Como toda ciudad medieval, Quedlinburg está levantada alrededor de un espacio central, la plaza, que era donde tradicionalmente se establecía el mercado. Por ese motivo, como en tantos otros lugares de Alemania, la plaza central de la localidad recibe el nombre de Plaza del Mercado. Es en ella donde el viajero que visite Quedlinburg podrá encontrar el Ayuntamiento de la ciudad, una edificación de estilo barroco que guarda en su interior la vieja estatua de Rolando, símbolo de la independencia de una ciudad que, gracias al monarca Otón III, gozó de derecho para acuñar moneda propia e instaurar su propia aduana.

castillo de Quedlinburg

Entre los lugares de obligada visita de Quedlinburg hay que destacar el conjunto compuesto por el castillo que mandara construir Enrique I y la antigua abadía que mandó construir su esposa y en donde, precisamente, reposan los restos mortales del matrimonio. Este conjunto se halla en la cima de un monte al que se asciende por una rampa. Desde este conjunto arquitectónico puede gozarse de una maravillosa vista tanto de la ciudad como de las tierras que las rodean, muchas ellas destinadas al cultivo de flores, que es una de las principales actividades económicas de Quedlinburg.

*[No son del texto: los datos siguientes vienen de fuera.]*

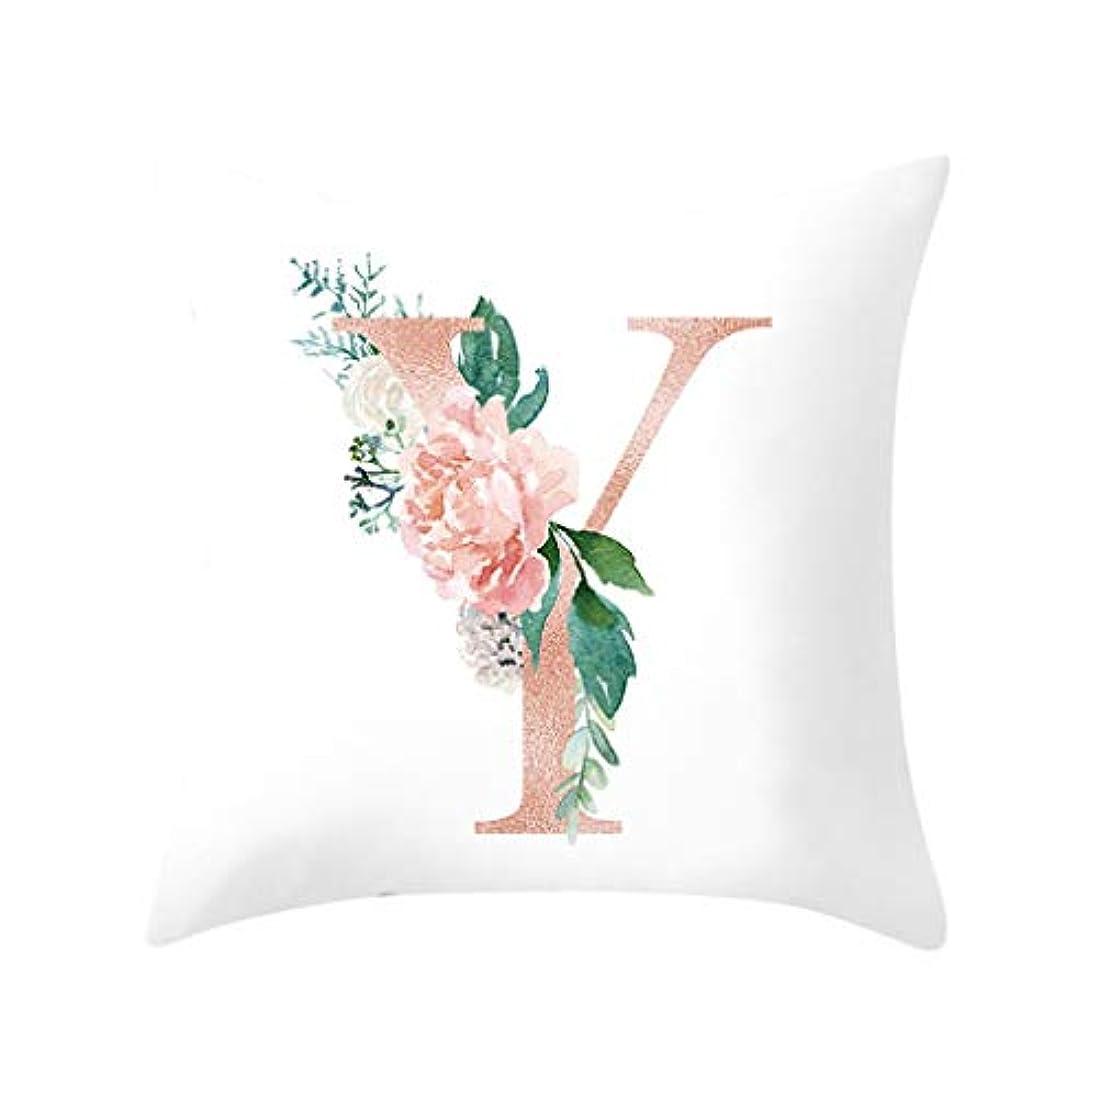 調べる安定苦痛LIFE 装飾クッションソファ手紙枕アルファベットクッション印刷ソファ家の装飾の花枕 coussin decoratif クッション 椅子

Quien visite el castillo de Quedlinburg debe tener presente que el castillo que se puede contemplar ahora no es el original que el monarca mandara construir en el siglo X, sino otro que se levantó después, en época renacentista. En el interior de este castillo, el visitante encontrará una magnífica biblioteca. Tampoco queda mucho de la antigua abadía de Quedlinburg, pero sí una magnífica colegiata de estilo románico, la colegiata de San Servacio, que posee una interesante cripta y una cámara del tesoro. Algunos de los tesoros más valiosos de esta cámara fueron robados por un soldado estadounidense durante la Segunda Guerra Mundial. Dichos objetos, que aparecieron en 1987, fueron devueltos a la iglesia, tras muchos litigios, en 1993.

Otros de los lugares dignos de ser visitados en Quedlinburg son las iglesias góticas de San Nicolás, de confesión evangelista, y San Benedicto. Junto a estas iglesias también destacan las de San Wiperti, que posee una pequeña cripta románica, y la de Santa Matilde, de estilo neogótico.